Hi,
I have seen cases like that, and my general conclusion is that Beam (or
Flink for that matter) is not the best match for solving this. Let me
explain:
a) Beam (and Flink) tries hard to deliver exactly-once semantics for
the data processing and this inevitably introduces some latency
b) each pipeline is organized so that it is essentially a bunch of
operators (workers) that are orchestrated in a way to deliver a defined
computation, but are checkpointed independently
c) the checkpoint barrier starts from source and the propagates to the
sinks
The property c) is what stands in your way the most - to efficiently
implement the pattern you described I believe it is essential to be able
to inverse the flow of the checkpoint barrier to go from sinks to
sources (i.e. when a sink - your slow worker - finishes work, it can
notify parent operator - source in your case - to perform a checkpoint.
This checkpoint can be a commit to Kafka). This subtle difference is a
key for the pipeline to be able to buffer any realtime updates to the
priority of any row (by caching all pending work to memory) and deliver
to the worker rows one-by-one ordered by priority at that the time the
worker queries for more work. Moreover, it enables for the system to
"reject" rows with too low priority in case it would overflow buffer
(which will not happen in your case if you have <10k rows, I'd say).
So, I think that a simple KafkaConsumer would be more appropriate for
what you described. It would be interesting to discuss what would be
needed on Beam side to support cases like that - essentially a
microservice - a different runner ([1]) than Flink is a first guess, but
I have a feeling that there would be some changes needed in the model as
well.
Jan
[1] https://issues.apache.org/jira/browse/BEAM-2466
On 8/24/19 11:10 AM, Juan Carlos Garcia wrote:
Sorry I hit too soon, then after updating the priority I would
execute group by DoFn and then use an external sorting (by this
priority key) to guarantee that on the next DoFn you have a sorted
Iterable.
JC
Juan Carlos Garcia <jcgarc...@gmail.com <mailto:jcgarc...@gmail.com>>
schrieb am Sa., 24. Aug. 2019, 11:08:
Hi,
The main puzzle here is how to deliver the priority change of a
row during a given window, my best shot would be to have a side
input (PCollectionView) containing the change of priority, then in
the slow worker beam transform extract this side input and update
the corresponding row with the new priority.
Again is just an idea.
JC
Chad Dombrova <chad...@gmail.com <mailto:chad...@gmail.com>>
schrieb am Sa., 24. Aug. 2019, 03:32:
Hi all,
Our team is brainstorming how to solve a particular type of
problem with Beam, and it's a bit beyond our experience level,
so I thought I'd turn to the experts for some advice.
Here are the pieces of our puzzle:
* a data source with the following properties:
o rows represent work to do
o each row has an integer priority
o rows can be added or deleted
o priorities of a row can be changed
o <10k rows
* a slow worker Beam transform (Map/ParDo) that consumes a
row at a time
We want a streaming pipeline that delivers rows from our data
store to the worker transform, resorting the source based on
priority each time a new row is delivered.
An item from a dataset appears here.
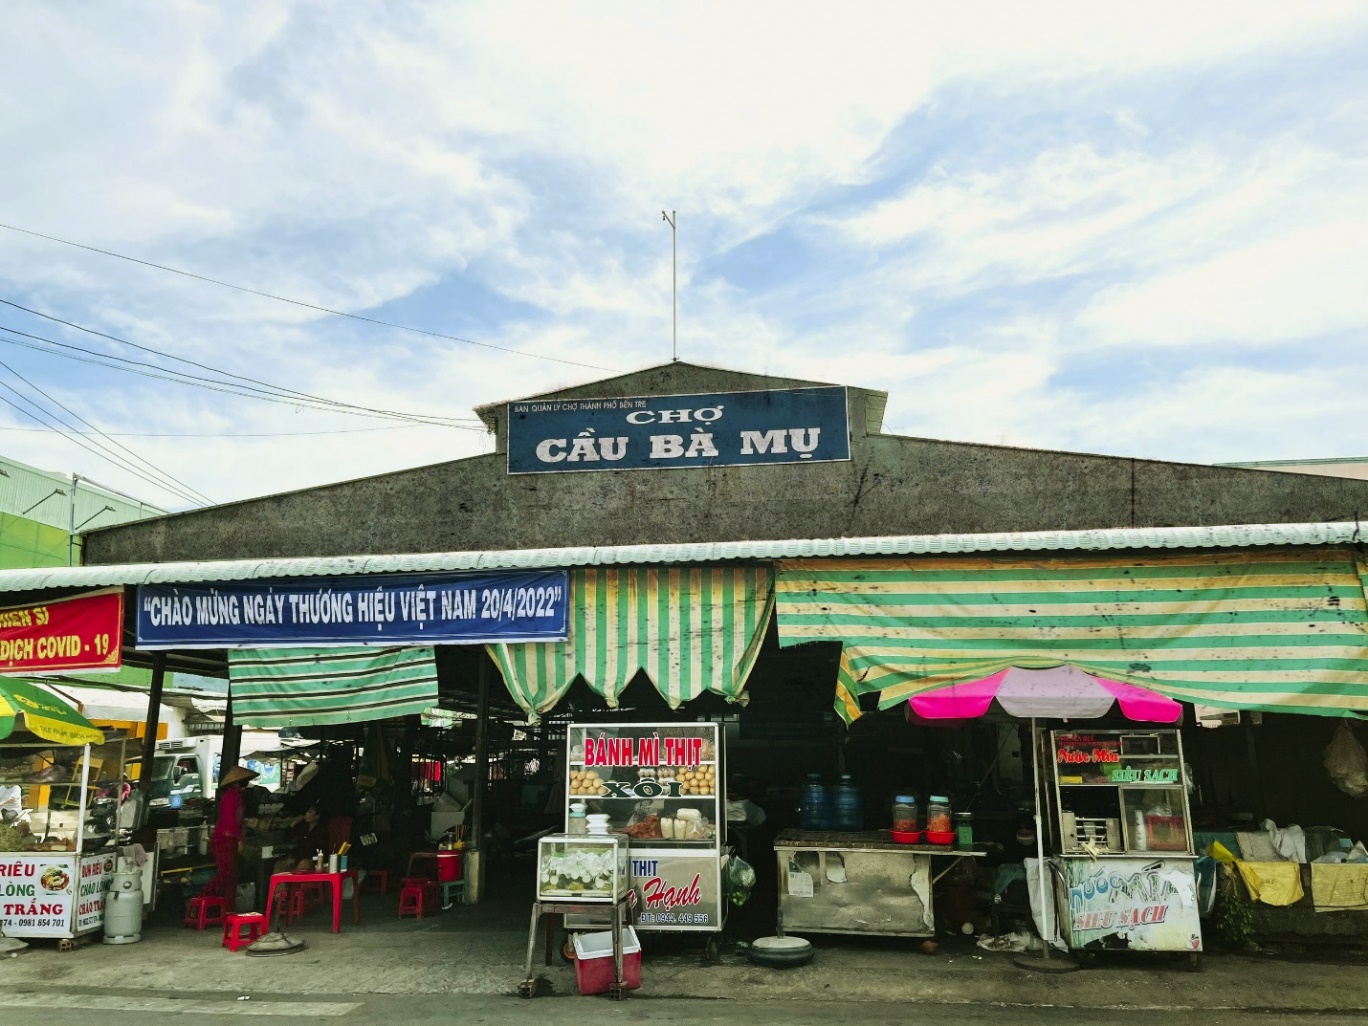 Khám phá Chợ Bà Mụ mới bên trong Phố Chợ Phú Khương ở xứ dừa Bến Tre - Ảnh 2.

The goal is that
last second changes in priority can affect the order of the
slowly yielding read. Throughput is not a major concern since
the worker is the bottleneck.
I have a few questions:
* is the sort of problem that BeamSQL can solve? I'm not
sure how sorting and resorting are handled there in a
streaming context...
* I'm unclear on how back-pressure in Flink affects
streaming reads. It's my hope that data/messages are left
in the data source until back-pressure subsides, rather
than read eagerly into memory. Can someone clarify this
for me?
* is there a combination of windowing and triggering that
can solve this continual resorting plus slow yielding
problem? It's not unreasonable to keep all of our rows in
memory on Flink, as long as we're snapshotting state.
Any advice on how an expert Beamer would solve this is greatly
appreciated!
Thanks,
chad